Napoléon lui-même n’a plus de raison d’être ; tous ses actes sont dès lors
pitoyables et bas ; mais de nouveau un hasard inexplicable entre en jeu ; les
alliés haïssent Napoléon qu’ils accusent d’être la cause de leurs malheurs ;
dépouillé de sa force et de son pouvoir, convaincu de crimes et de perfidies,
il devrait leur paraître tel qu’ils le voyaient dix ans plus tôt et qu’ils le
verront un an plus tard : un bandit hors la loi. Mais par un hasard étrange,
personne ne voit cela. Son rôle n’était pas encore terminé. L’homme que dix ans
plus tôt et un an plus tard l’on considéra comme un bandit hors la loi fut
envoyé à deux journées de voyage de France, dans une île dont on lui donna la
souveraineté, avec sa garde et des millions qui le payaient de Dieu sait quoi.
IV
Le mouvement des peuples
commence à s’assagir dans ses rives. Les vagues de la grande marée se sont
retirées et sur la mer calmée se forment des cercles sur lesquels voguent les
diplomates qui s’imaginent avoir produit eux-mêmes cette bonace. Mais la mer
calmée se soulève. Les diplomates croient aussitôt que ce sont eux et leurs
désaccords qui causent cette nouvelle tension des forces, ils s’attendent à une
guerre entre les souverains ; la situation leur semble sans issue. Mais la
vague dont ils sentent la montée ne déferle pas de la direction où ils
l’attendent.
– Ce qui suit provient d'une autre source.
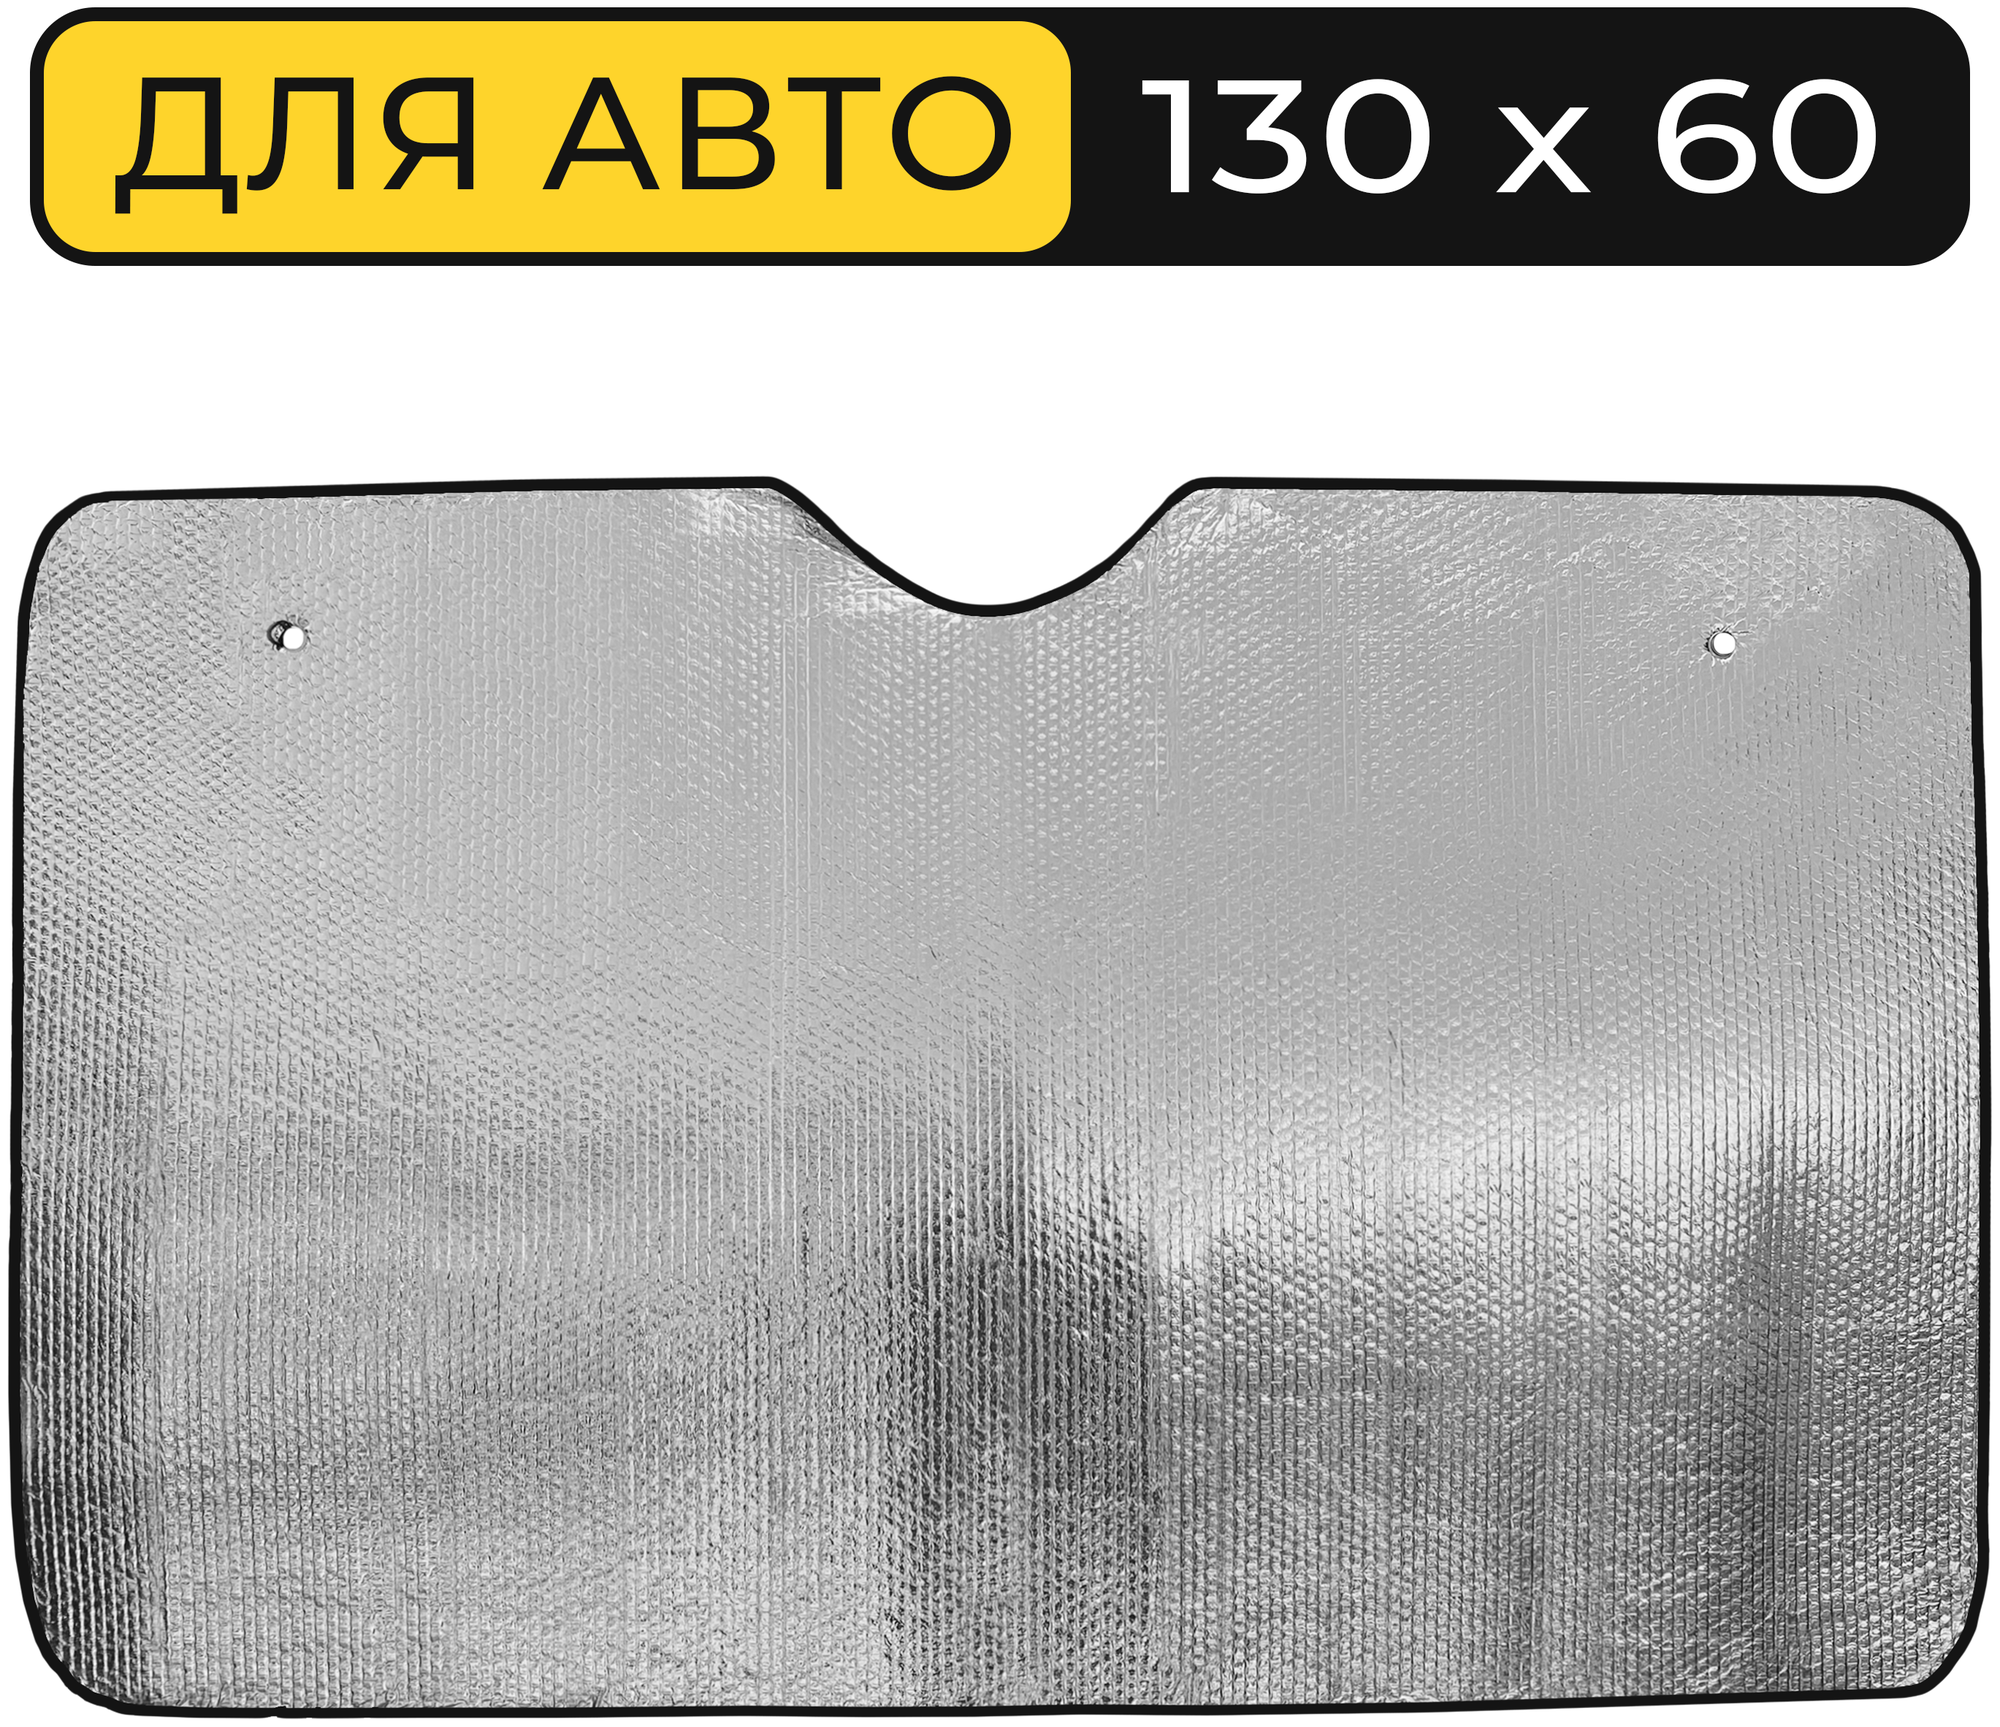 Шторка солнцезащитная на лобовое стекло Автостор LW-2100 (130х60 см) фольга серебристая

C’est toujours la même vague, et c’est toujours le même point de
départ : Paris. C’est le dernier rejaillissement du flux venu de l’Occident,
rejaillissement qui doit résoudre des difficultés diplomatiques apparemment
insolubles, et mettre fin aux mouvements guerriers de cette période. L’homme
qui a dévasté la France revient dans cette France, seul, sans qu’il soit besoin
d’un complot, sans soldats. Le premier garde-champêtre venu peut lui mettre la
main au collet, et, par un hasard étrange, non seulement personne ne lui met la
main au collet, mais tous avec enthousiasme viennent accueillir cet homme
qu’ils maudissaient hier et qu’ils recommenceront à maudire dans un mois. Cet
homme est encore nécessaire pour justifier le dernier acte collectif. Cet acte
fut accompli. Le dernier rôle est joué. L’acteur est prié d’enlever son costume
et de se démaquiller ; on n’a plus besoin de lui. Et quelques années se
passent, pendant lesquelles cet homme, dans la solitude de son île, se joue à
lui-même une piteuse comédie ; il intrigue, il ment pour justifier ses actes,
alors que déjà toute justification est inutile ; il montre à l’univers ce que
vaut le personnage qu’on prenait pour une force, alors qu’une invisible main le
conduisait. Le metteur en scène, une fois le drame joué et l’acteur déshabillé,
nous le montre : – Regardez celui en qui
vous avez cru ! Le voici ! Voyez-vous maintenant que ce n’est pas lui, mais moi
qui vous menais ? Mais aveuglés par la force qui les avait mis en branle, les
hommes, longtemps, ne comprirent pas cela. Plus grande encore est la logique et
la nécessité que présente la vie d’Alexandre 1er, personnage qui se trouvait à
la tête du mouvement en sens inverse, d’Orient en Occident. Que fallait-il à
l’homme qui, en éclipsant les autres, prendrait la tête de ce mouvement ? Il
lui fallait posséder le sentiment de la justice, prendre part aux affaires de
l’Europe, mais de loin, pour que des intérêts mesquins n’obscurcissent pas sa
vision ; il lui fallait dominer par sa hauteur morale ses associés, les souverains
d’alors ; il lui fallait une personnalité aimable et séduisante ; il fallait
qu’il eût subi une offense personnelle de Napoléon. Toutes ces conditions sont
réunies en Alexandre 1er ; tout cela est le fruit d’innombrables « hasards »,
semés le long de sa vie passée, et par son éducation, et par ses initiatives
libérales, et par les conseillers de son entourage, et par Austerlitz, et par
Tilsit, et par Erfurt.
|
Alexandre 1er et Napoléon 1er le 9 juillet 1807 à Tilsit. |
Pendant la guerre populaire, il reste inactif parce
qu’on n’a pas besoin de lui. Mais aussitôt qu’apparaît la nécessité d’une
guerre européenne, sa personnalité apparaît à sa place au moment voulu ; il
fait l’union de tous les peuples européens et les conduit au but. Le but est
atteint. Après la dernière guerre de 1815, Alexandre se trouve au sommet de la
puissance qu’un homme puisse atteindre. De quelle façon s’en sert-il ?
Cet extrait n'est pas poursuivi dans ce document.